LTB4 mediated hypoxemia in guinea pigs: Relationship to pulmonary and cardiovascular pathophysiology

Abstract LTB 4 is released in the presence of lung injury and may therefore play a role in the pathophysiology of the lung damage. We therefore, administered LTB 4 as an I.V. bolus or as an aerosol to guinea pigs and assessed the physiologic response and the lung histology. After 2 ug of I.V. LTB 4 airway pressure (AP) rose transiently by 5 ± 1 mmHg and at five min was back to baseline while PaO 2 fell from 96±5 mmHg to 78±3 mmHg and remained low at least 45 min. Static compliance (Cstat) was unchanged. Right ventricular systolic pressure (RVSP) and mean aortic pressure (MAP) rose from 9±1 to 16±1 mmHg and 43±4 to 62±5 mmHg respectively while cardiac index (c.I.) fell from 266 to 208 ml/kg/min but all values were baseline again by 10 min. Aerosolized LTB 4 raised AP by 4.6 ± 0.2 mmHg while PaO 2 fell from 90±7 to 52±5 mmHg. AP recovered by 20 min but PaO 2 remained low at least for 1 hour. MAP, RVSP and CI and Cstat were unaffected. Both I.V. and inhaled LTB 4 increased neutrophil infiltrate in the lung although the water aerosol control did too, preventing us from showing a significant effect with LTB 4 aerosol.
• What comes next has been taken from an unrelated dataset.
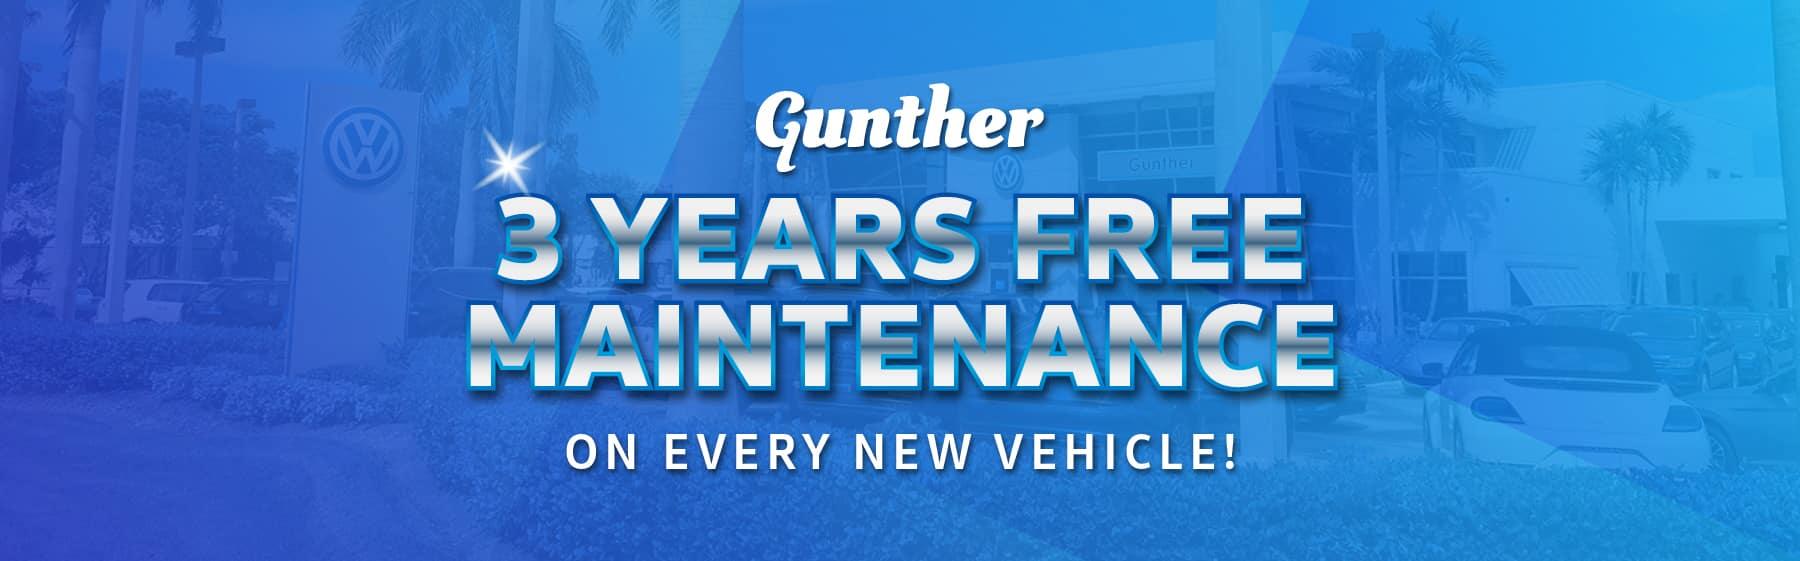 Gunther 3 years free maintenance on every new vehicle!

Indomethacin blocked the airway effects and the hypoxemia after I.V. or aerosolized LTB 4 but not the neutrophil infiltrate or the rise in RVSP. It actually enhanced (p 4 . Thus cyclooxygenase released products likely mediated the rise in airway pressure and the prolonged fall in PaO 2 after LTB 4 in guinea pigs but not the pulmonary and systemic vasoconstriction.